*** Begin section ***

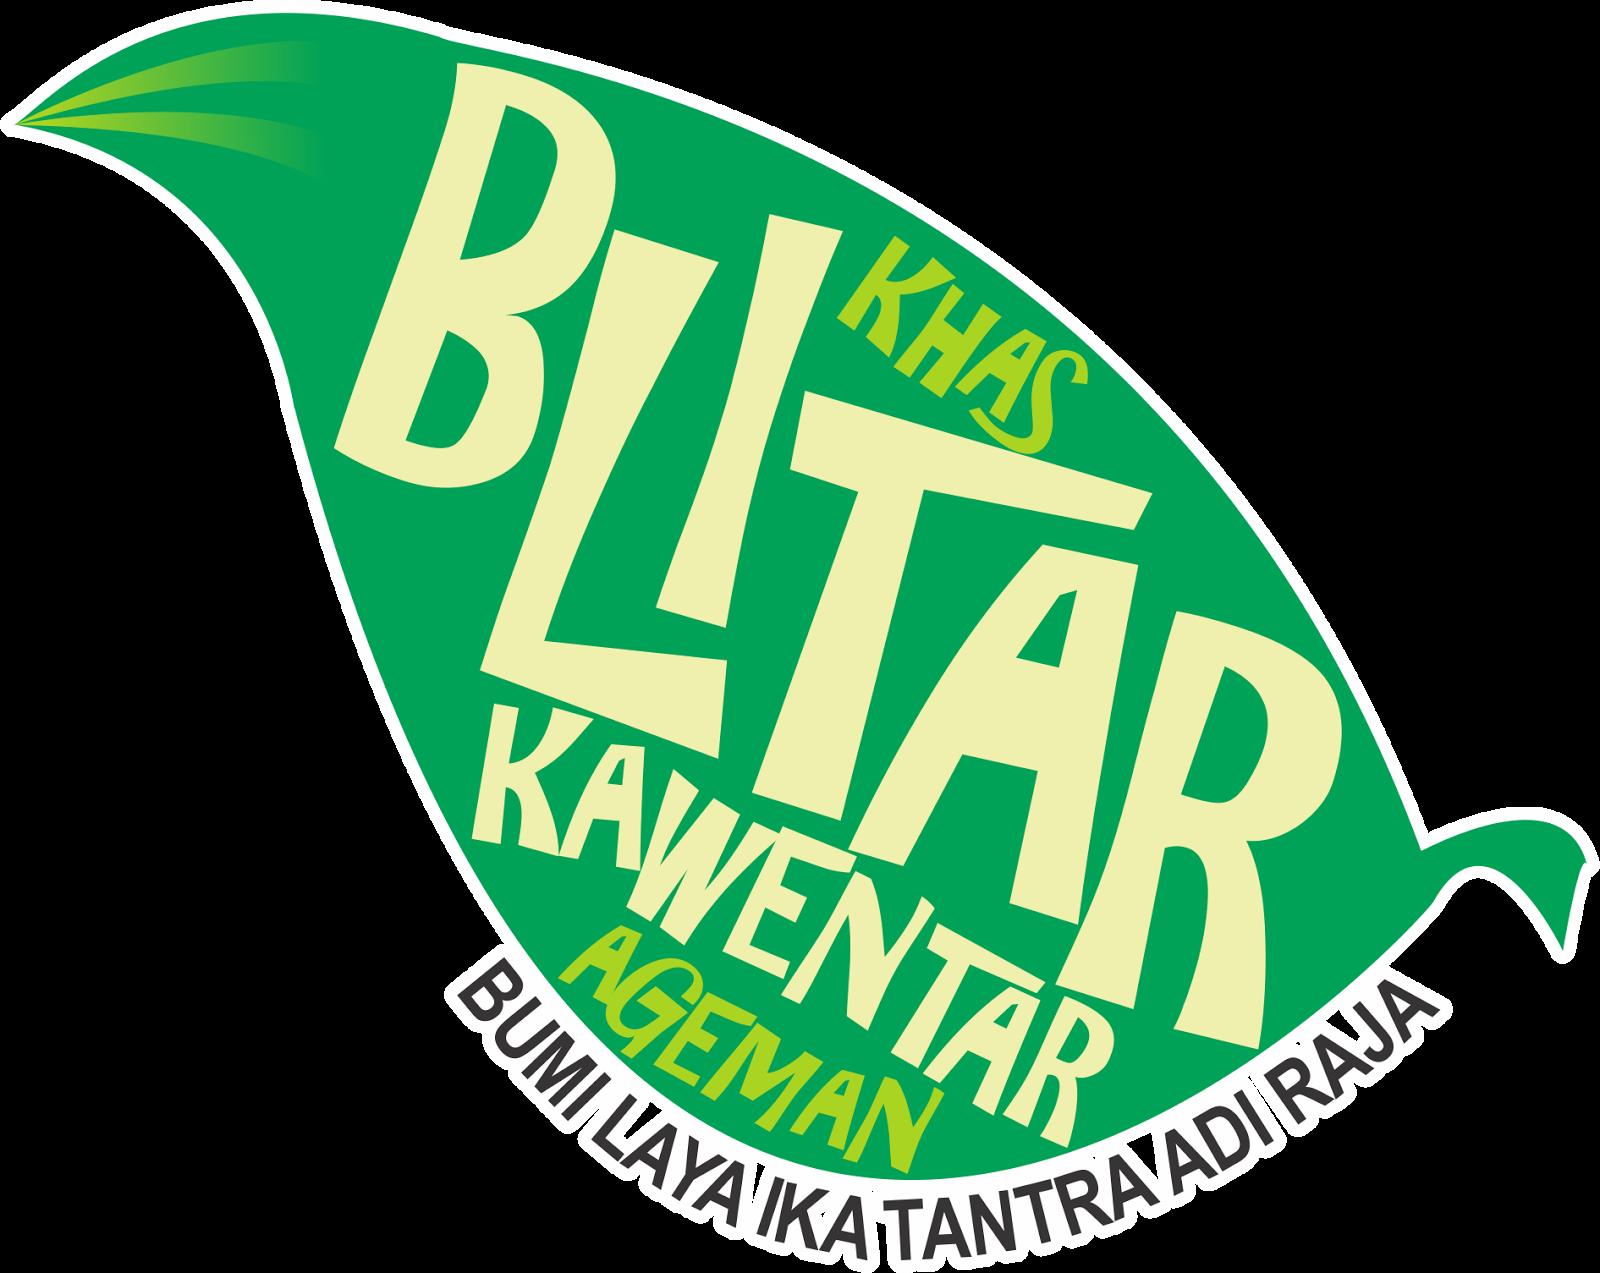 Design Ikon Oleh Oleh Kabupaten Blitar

*** End section ***
*** Begin section ***

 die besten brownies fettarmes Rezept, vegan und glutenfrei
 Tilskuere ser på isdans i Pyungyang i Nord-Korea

*** End section ***
*** Begin section ***

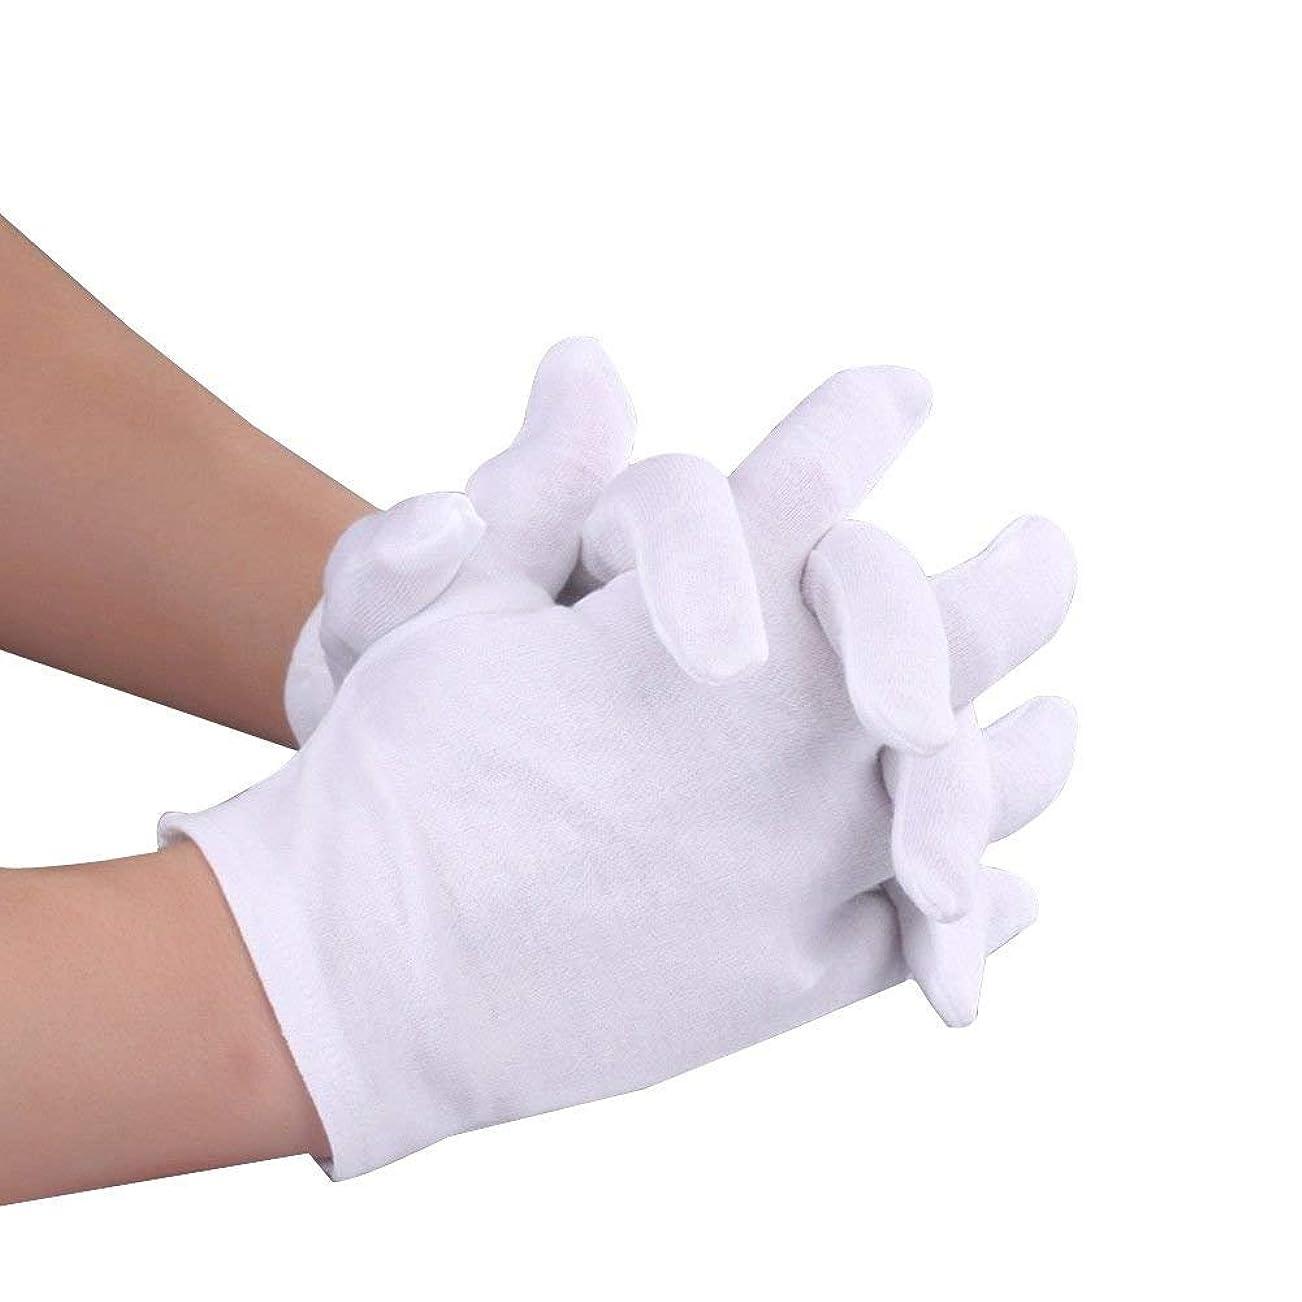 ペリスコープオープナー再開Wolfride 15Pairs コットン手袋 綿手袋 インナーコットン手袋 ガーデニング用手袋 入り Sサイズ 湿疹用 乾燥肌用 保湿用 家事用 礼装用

*** End section ***

**Exercise requirements**
Look above for the line holding "die besten brownies" and the line holding "Tilskuere ser på". Retype both, and every line between them, word for word and nothing else.

**Problem solution**
 die besten brownies fettarmes Rezept, vegan und glutenfrei
 Tilskuere ser på isdans i Pyungyang i Nord-Korea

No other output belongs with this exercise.